What about the consent required of a family with an aging parent? Are you aligned as a family during the death of your parents? What happens to children when that happens? What is it to consent together as families? As a collectives of family? How do we utilize practices that help us integrate and stay in alignment as a global social witness that is also participating in the Dance of Life?

This is what It's 'Just' a Conversation" is about.  About the conscious and unconscious vows we make.
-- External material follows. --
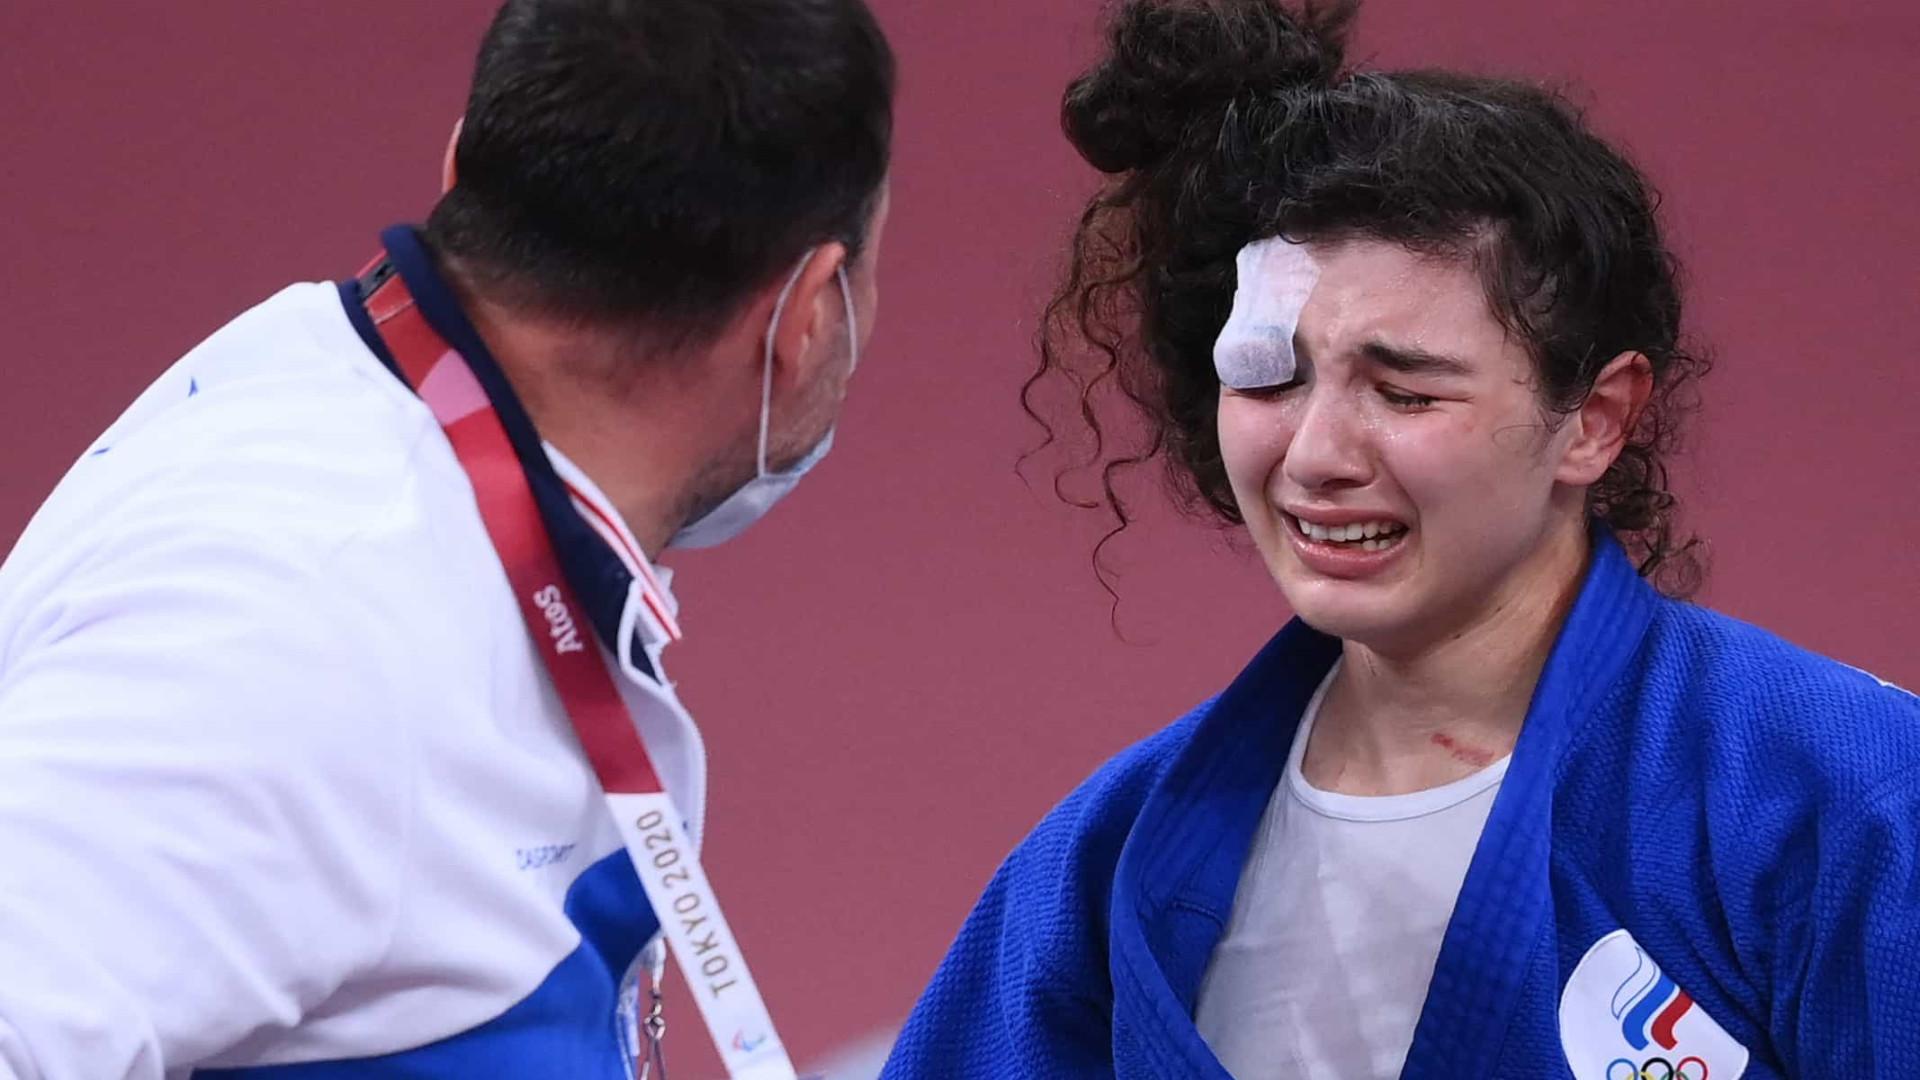 Algoz da judoca Maria Portela, russa sai com olho inchado e carregada do tatame

It is what we choose to re-member and restore.  I believe we have to be willing to re-member all of it through the gift of our bodies in order embody the wholeness of life.

Please stay tuned to learn how you can participate in our research projects on Inter-generational Collective Healing:  The Imagination Project, Parent Vows and others.

Blessing to each and all of us as we continue our journey as a Family.

All True Vows

All the true vows
are secret vows
the ones we speak out loud
are the ones we break.

There is only one life
you can call your own
and a thousand others
you can call by any name you want.

Hold to the truth you make
every day with your own body,
don’t turn your face away.
Hold to your own truth
at the center of the image
you were born with.

Those who do not understand
their destiny will never understand
the friends they have made
nor the work they have chosen
nor the one life that waits
beyond all the others.

By the lake in the wood
in the shadows
you can
whisper that truth
to the quiet reflection
you see in the water.

Whatever you hear from
the water, remember,
it wants you to carry
the sound of its truth on your lips.

Remember,
in this place
no one can hear you
and out of the silence
you can make a promise
it will kill you to break,
that way you’ll find
what is real and what is not.

I know what I am saying.
Time almost forsook me
and I looked again.
Seeing my reflection
I broke a promise
and spoke
for the first time
after all these years
in my own voice,
before it was too late.
to turn my face again.

— David Whyte from the book"The House of Belonging"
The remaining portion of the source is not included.